Test on one device. Note frame rate and steps. Reliable repros speed everything.
Trace the Collision Math Step by Step
Check time steps against max velocity. Use swept AABB or continuous detection (CCD) formulas.
Example: object at 100 units per second, 1/60 time step. Distance per frame: about 1.67 units. If collider thinner, it tunnels.
Toggle discrete to continuous. Log broad-phase pairs. Isolate the failed pair.
Math check: velocity * delta_t > collider size? Enable substeps.
Test Fixes and Verify Across Speeds
Apply CCD or substeps for speedsters. Ramp velocities low to high. Check multiplayer sync if online.
Run stress suites: 10x speeds, crowds. Verify no regressions elsewhere.
Clean up: remove debug logs, optimize costs. Polish feels right.
- Patch the root: substep if tunneling.
- Retest full range.
- Profile impact.
Lock Down Future Wins with Smart Prevention Moves
Build robust physics from design phase. Choose scales and rates that suit speed. Confidence comes from habits.
Focus on time management and shapes. These cut bugs before they spawn.
Tune Time Steps and Detection Modes Right
Fixed steps beat variable for consistency. Cap delta at 1/120 second. Enable continuous for fast movers.
Perf hit? Substep selectively on projectiles. Balance with profiler data.
Test extremes early. Reliability trumps raw speed.
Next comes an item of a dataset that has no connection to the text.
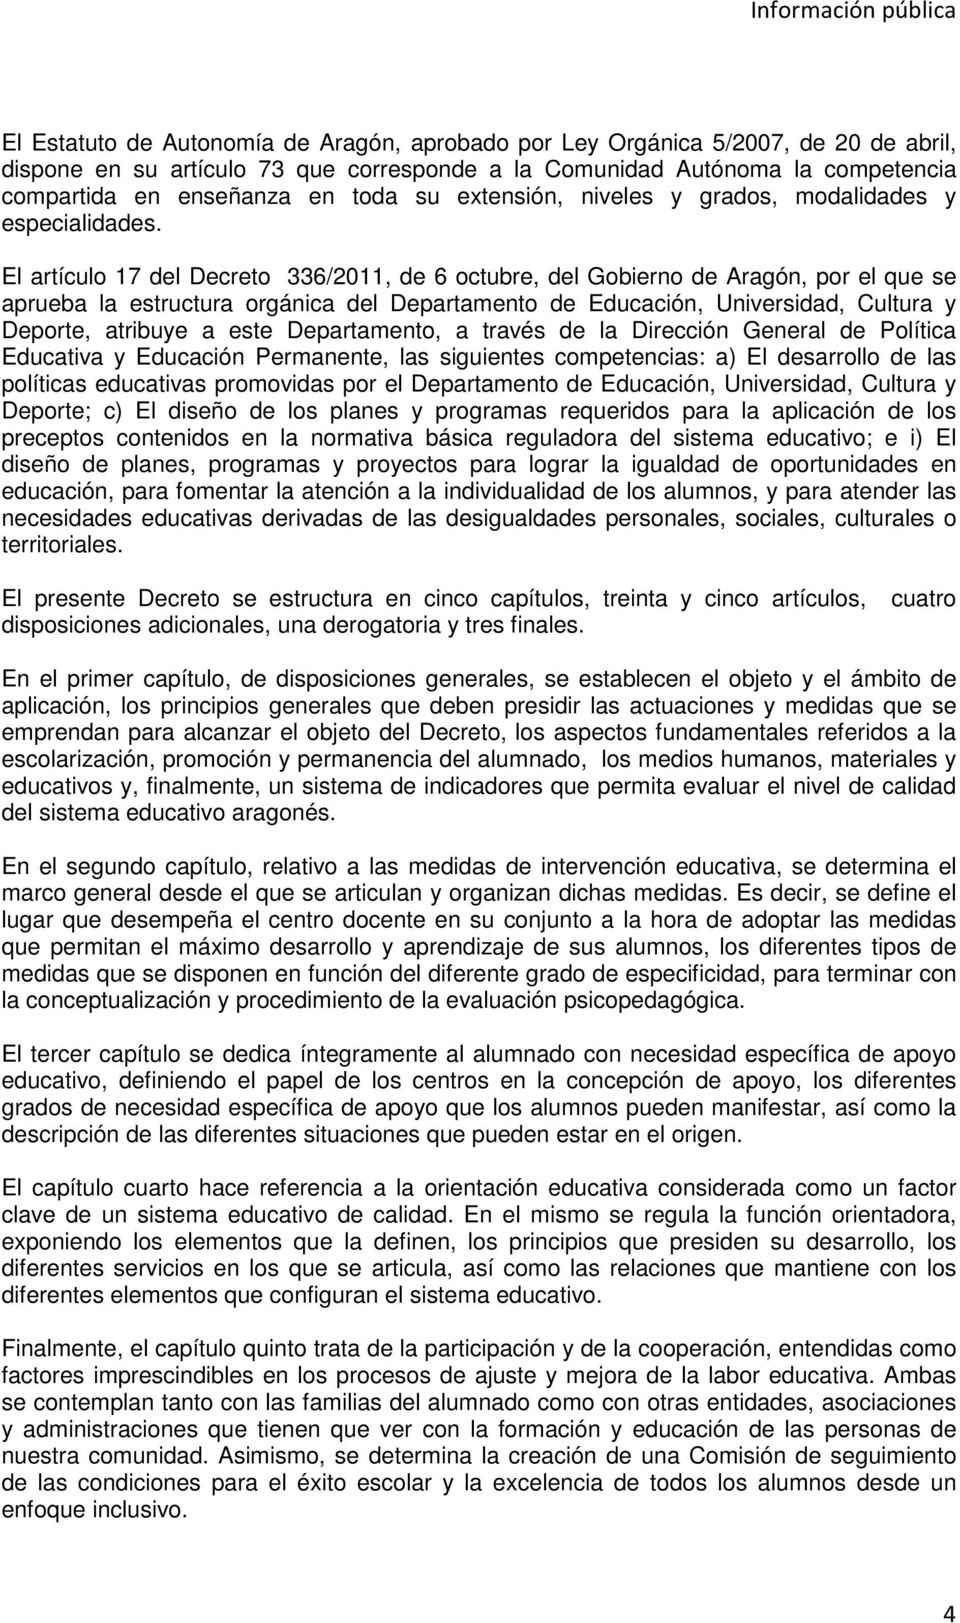 El artículo 17 del Decreto 336/2011, de 6 octubre, del Gobierno de Aragón, por el que se aprueba la estructura orgánica del Departamento de Educación, Universidad, Cultura y Deporte, atribuye a este

Design Shapes and Speeds to Play Nice
Use capsule over box for characters; less sticking. Cap top speeds below tunnel thresholds.
Layer colliders: triggers for events, solids for blocks. Shooter games cap bullets; racers bevel edges.
- Speed caps: Limit to 2x frame distance.
- Chamfer shapes: Round edges cut ghosts.
- Scale wisely: Units match time steps.
These choices make engines forgive small slips.
Debugging collision errors boosts your games. Spot tunneling, jitter, or ghosts fast with visuals and logs. Follow the workflow, then prevent repeats through smart tuning.
Try slow-mo on your next bug today. It reveals secrets instantly. Share your toughest collision story in the comments. What fix worked best for you?